* Collected data *
[Start of section]
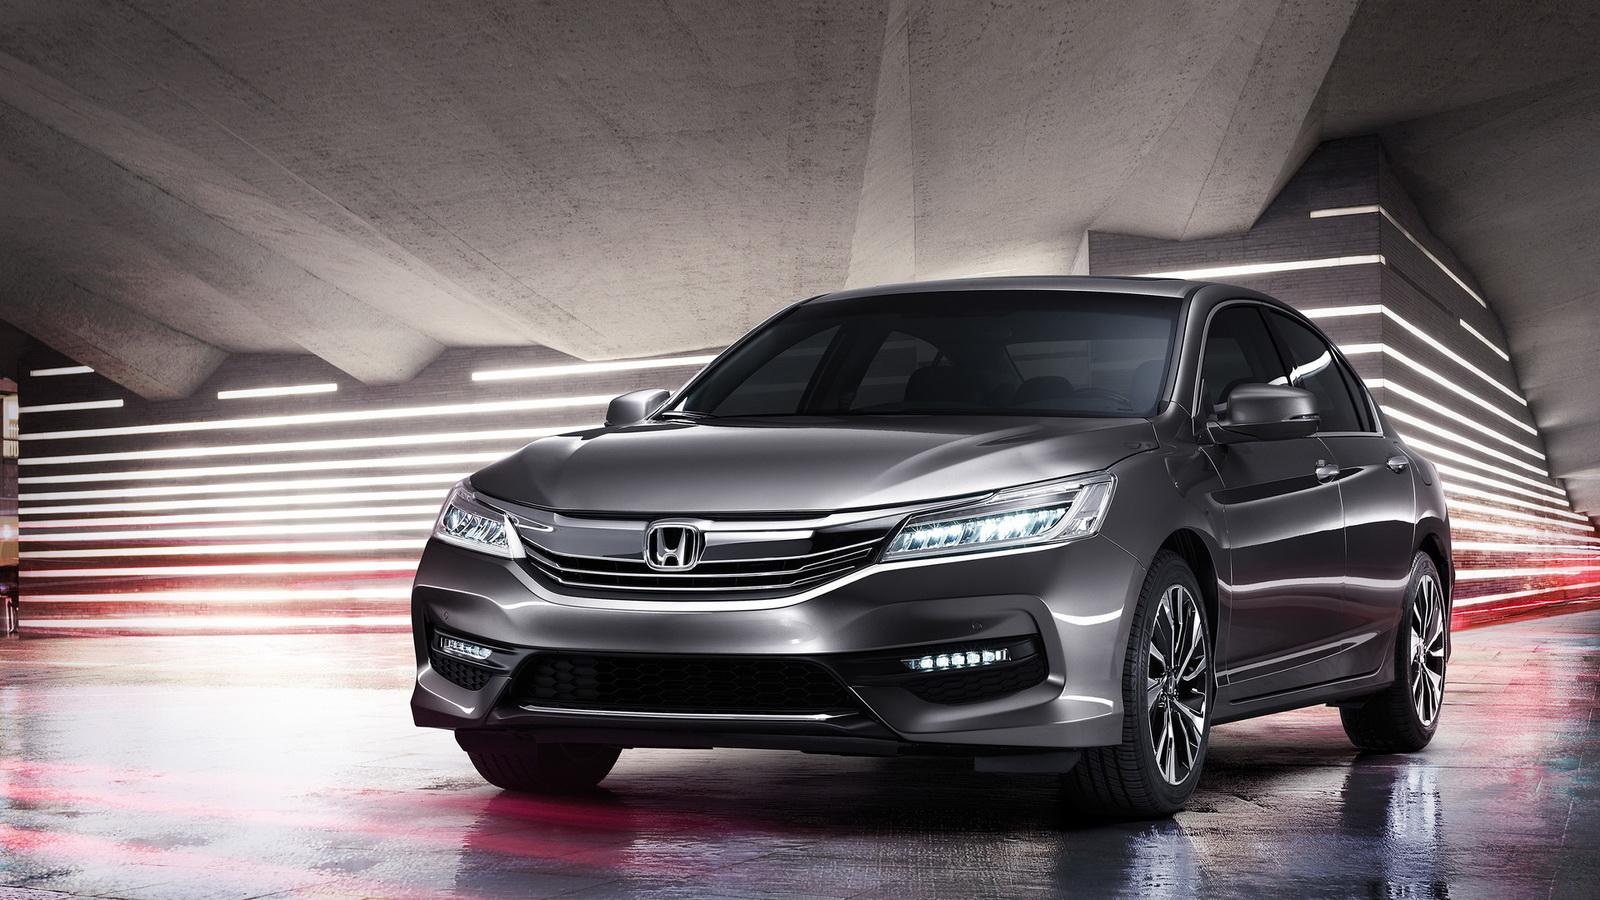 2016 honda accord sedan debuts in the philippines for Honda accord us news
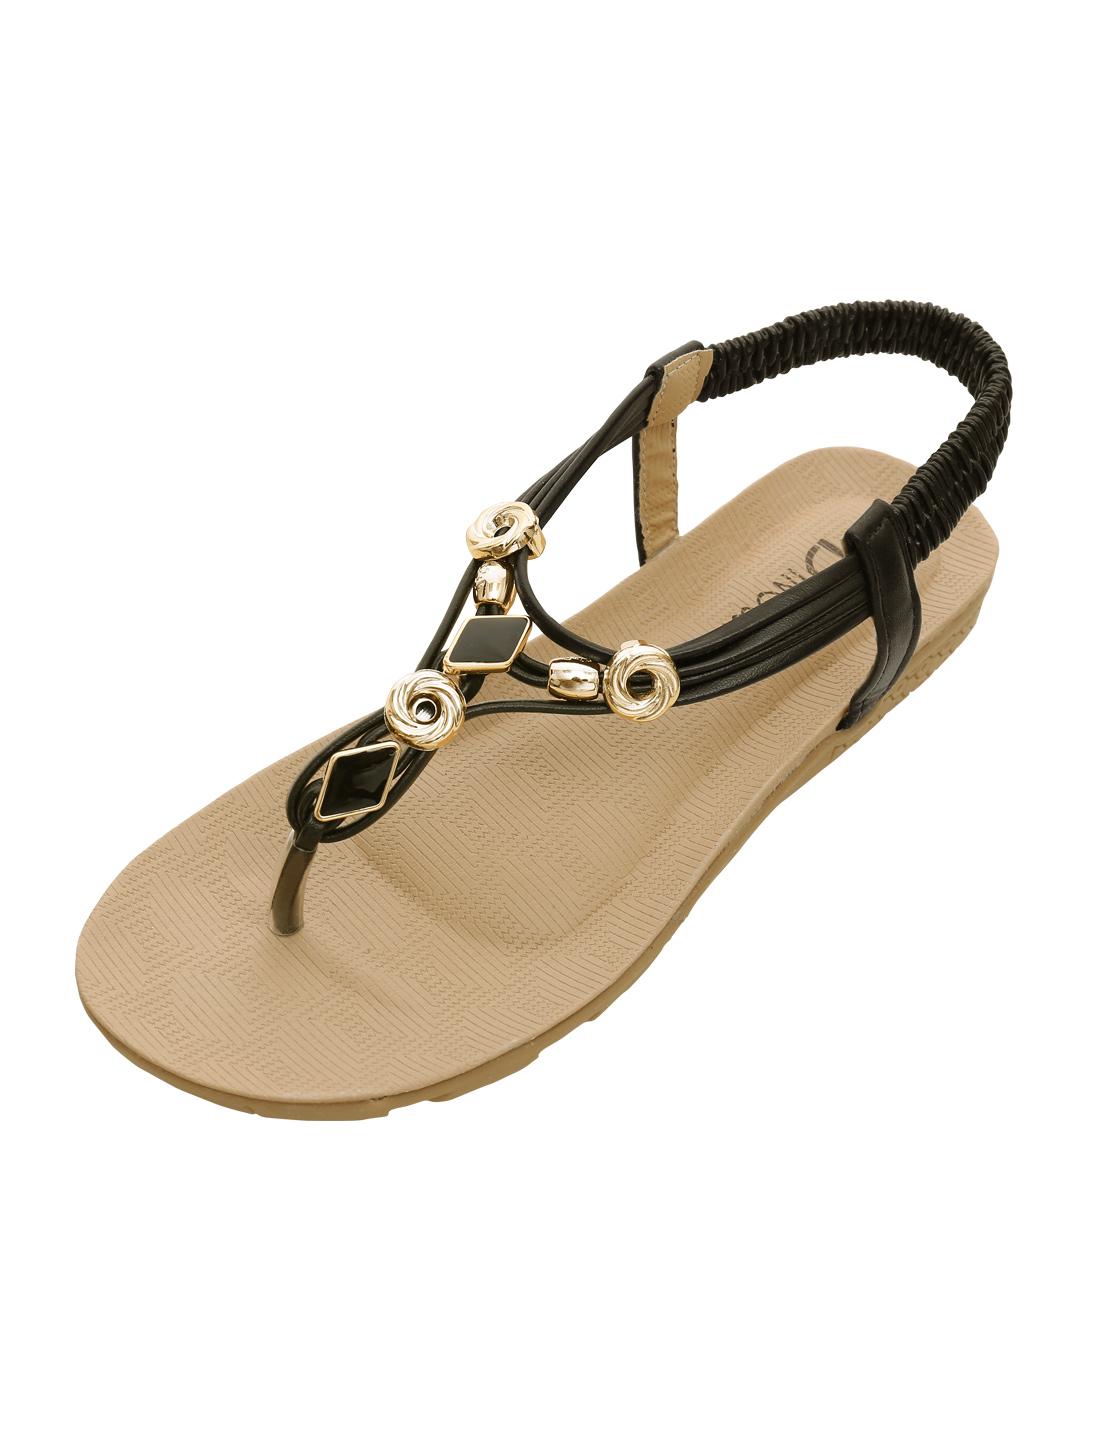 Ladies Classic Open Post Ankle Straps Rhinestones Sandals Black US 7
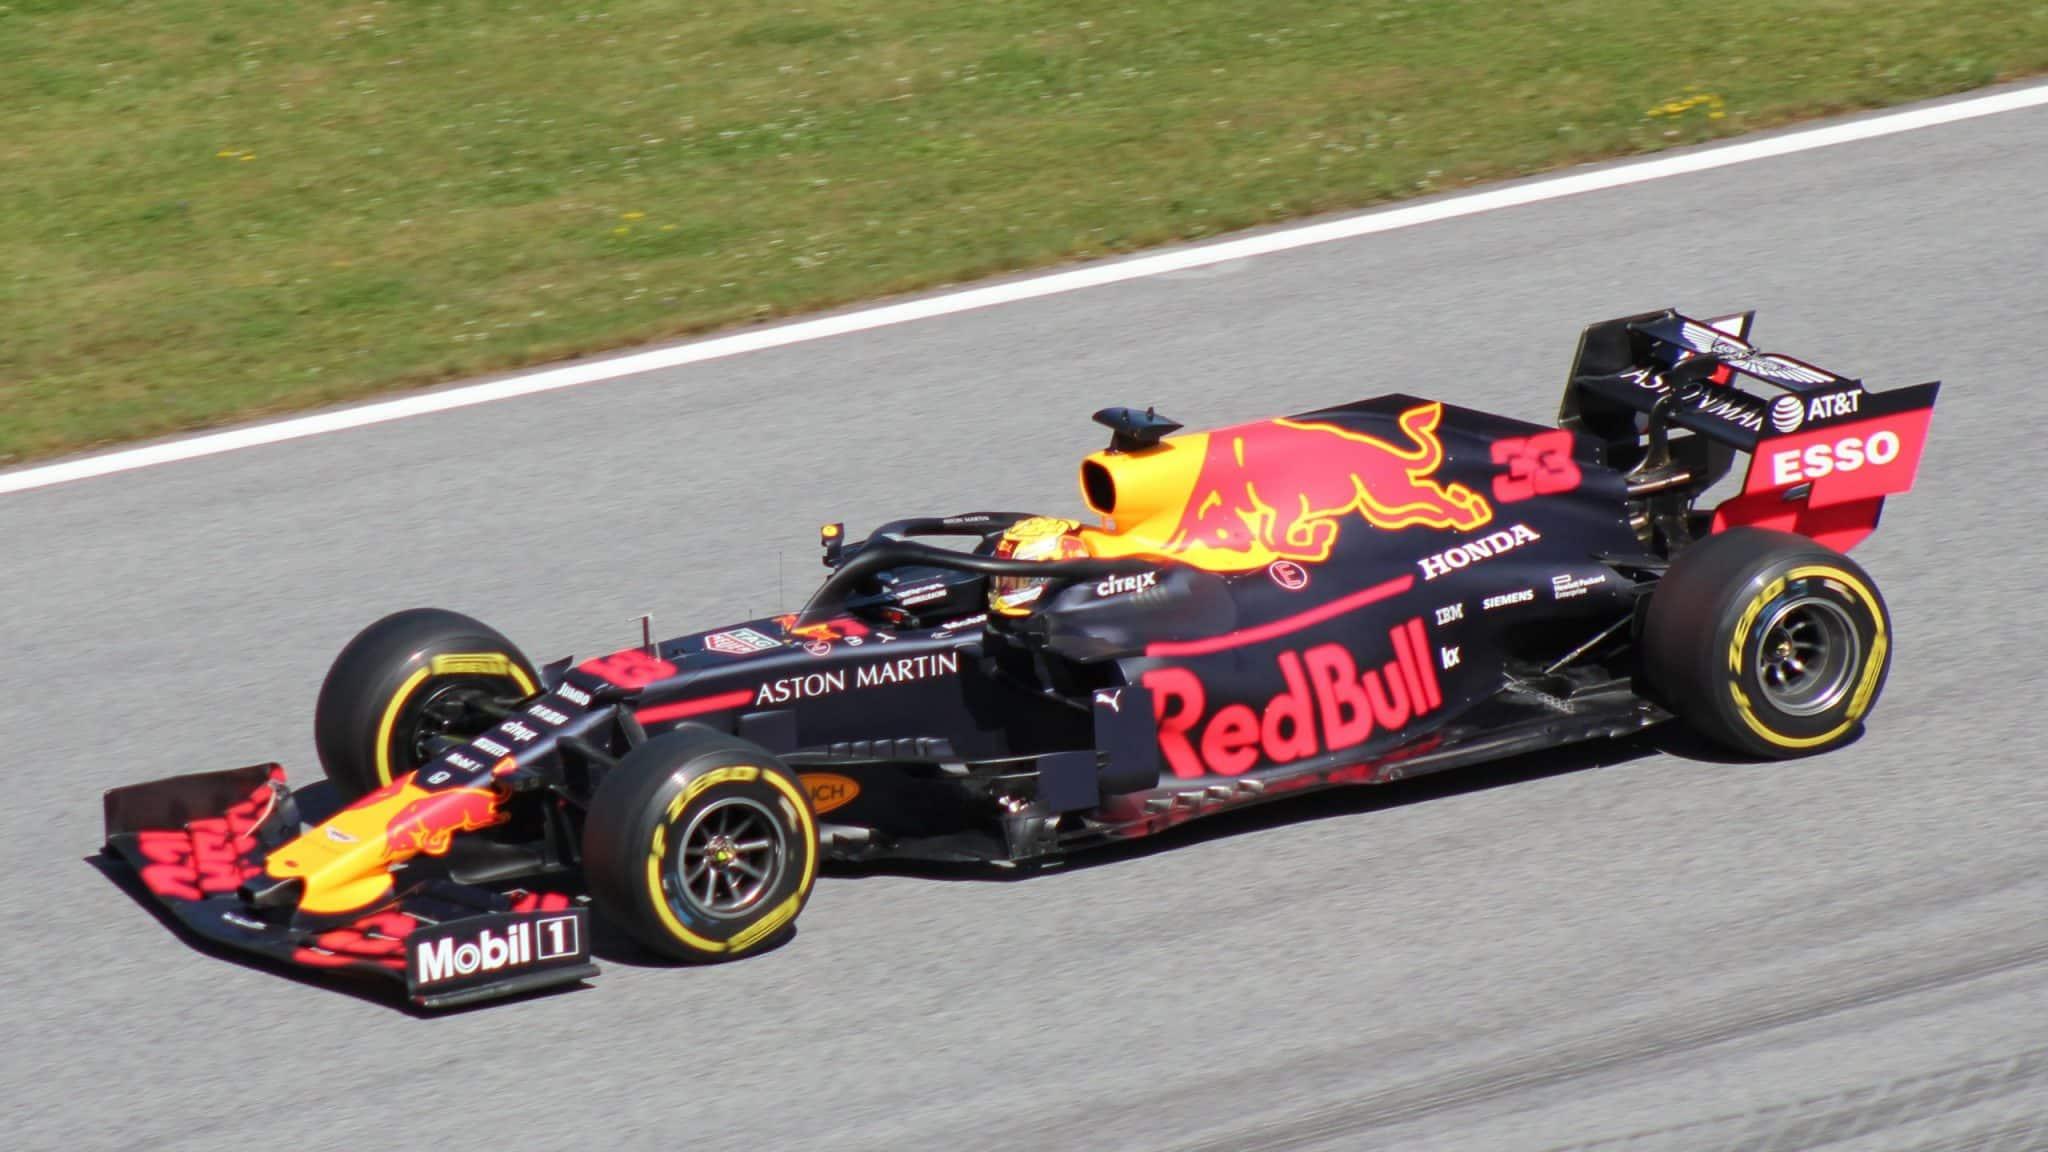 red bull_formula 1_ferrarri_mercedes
[End of section]
* Your goal *
Except for the pictures, write the data out exactly.

* Expected answer *
 2016 honda accord sedan debuts in the philippines for Honda accord us news
 Ladies Classic Open Post Ankle Straps Rhinestones Sandals Black US 7
 red bull_formula 1_ferrarri_mercedes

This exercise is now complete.